Yes, although I suppose you could say they're competing for the loyalties of the local fanbase. That said, and I know I'm different from lots of fans in this way, but I've never gotten the idea of having to choose between which local team (NL or AL) to support: the beauty of the situation is that you can support them both, precisely because they aren't competing for the same thing, until and unless they meet in the WS. I'm obviously primarily a Giants' fan, but I like the A's, too. The "Bay Bridge Series" they play each year has never gotten me excited.
MLB and college football are apples and oranges.
It's impossible for AL and NL teams to be 'rivals' with one another in any real sense, unless they meet each other in the World Series several times. They're not competing for the same thing.
Tell that to New York or Chicago fans, who don't seem to see it that way.

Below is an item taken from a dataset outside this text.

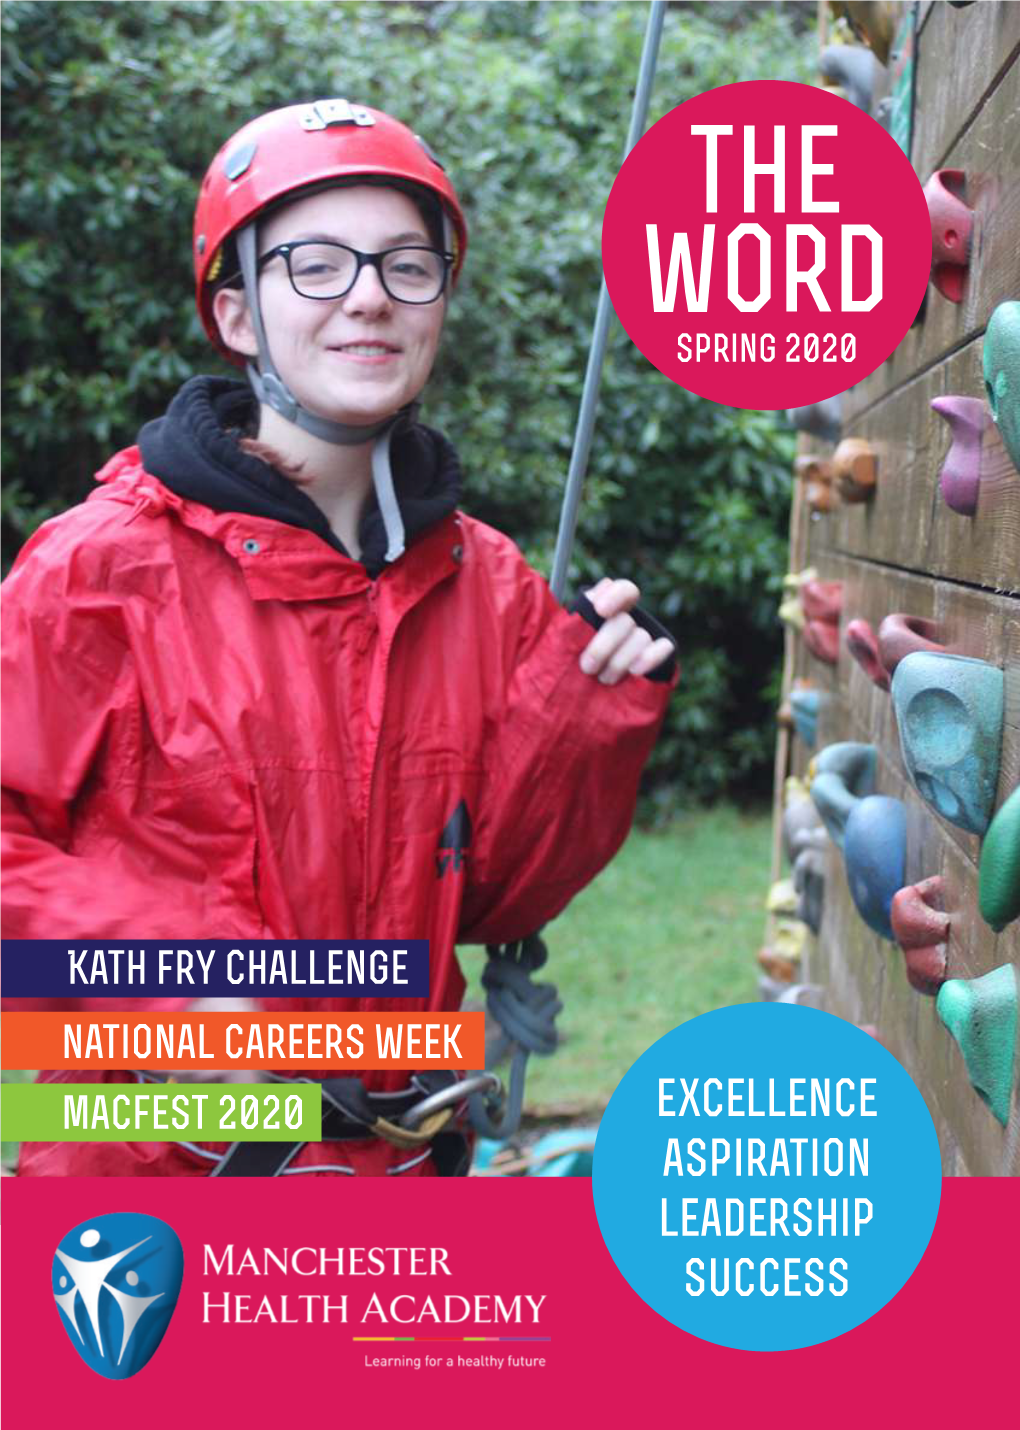 Kath Fry Challenge Macfest 2020 National Careers Week

Yes, although I suppose you could say they're competing for the loyalties of the local fanbase. That said, and I know I'm different from lots of fans in this way, but I've never gotten the idea of having to choose between which local team (NL or AL) to support: the beauty of the situation is that you can support them both, precisely because they aren't competing for the same thing, until and unless they meet in the WS. I'm obviously primarily a Giants' fan, but I like the A's, too. The "Bay Bridge Series" they play each year has never gotten me excited.

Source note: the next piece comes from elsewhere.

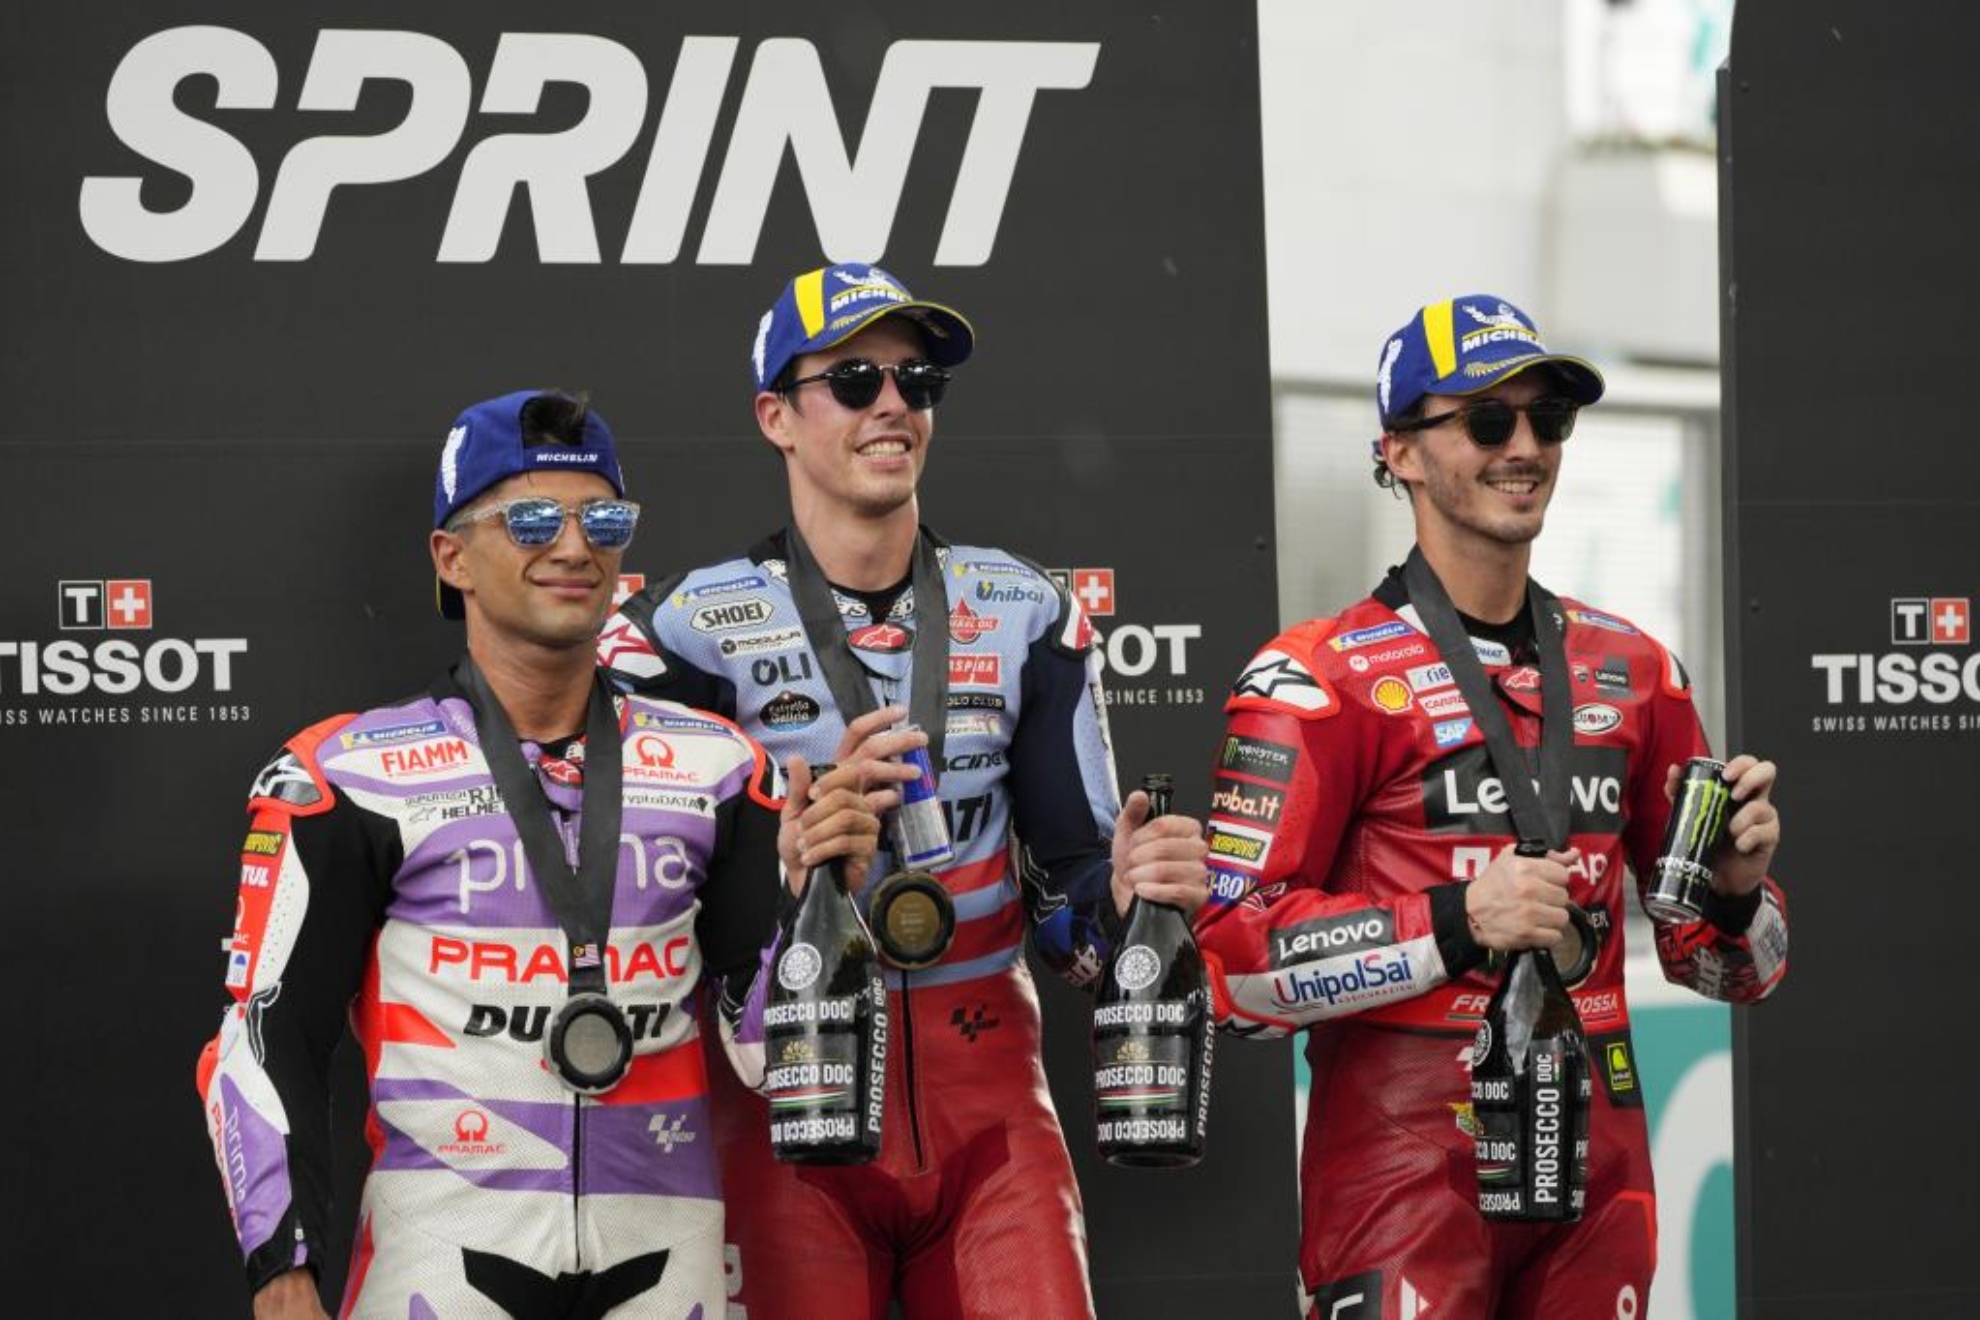 Jorge Martín, Álex Márquez y Bagnaia, en el podio del Sprint.

You'd appreciate this, Steve: The only time I lived in the Bay Area for any extent of time was in the late Summer and early Fall of 1971. I rooted the A's and the Giants** into the playoffs, and had tickets for both the three ALCS games in Oakland and all seven possible World Series games. You know the rest of the story, I'm sure.

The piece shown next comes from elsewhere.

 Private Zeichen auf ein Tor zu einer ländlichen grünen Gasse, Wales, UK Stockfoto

** Do you remember that famous Labor Day game in the Stick when the temperature was something like 104 degrees? That was when the Giants and Dodgers fans (a pretty even split, IIRC) each spent a small fortune buying up each other's pennants, just so they could burn them in full view, in what was their idea of the supreme act of disrespect. As much of a total AL fan as I've always been, that's always been in my top 10 list of regular season games.
I am a Chicago fan.
It wasn't Labor Day; the Giants played the Dodgers in LA on Labor Day of '71. (The first of a five-game sweep by the Dodgers in the home-and-home showdown, ushering in that nightmarishly tense September.)
But, yeah, games against the Dodgers at Candlestick had a certain refinement to them, didn't they?
Sure, but they are in the same general category of "competitions people will pay to see" :) In the case of Yankees/Mets, it's more than just another set of nearby ballgames for your local team.
When you get down the chain to Astros/Rangers, it probably is more just another set of nearby ballgames. Those games draw well, but "rivalry"? I think not ...
It wasn't Labor Day; the Giants played the Dodgers in LA on Labor Day of '71. (The first of a five-game sweep by the Dodgers in the home-and-home showdown, ushering in that nightmarishly tense September.)
You're right; it was this game, on Tuesday, September 14th, where the Giants bullpen blew a two run lead in the top of the ninth, and where it ending with Hoyt Wilhelm striking out Willie Mays.
Beyond the Death Valley-like temperature and the dueling pennant fires, what I also remember about that evening was briefly walking out onto the Astroturf after the game, and recoiling in horror at just how artificial it felt. I know that sounds stupid, because of course I knew that it was nothing but glorified plastic, but this was the first time I'd ever actually had it under my feet. I'd been to Candlestick several times before that, but had never walked onto the field. AFAIC in many ways that shlt was even worse than steroids, and I still can't believe how long the players put up with it.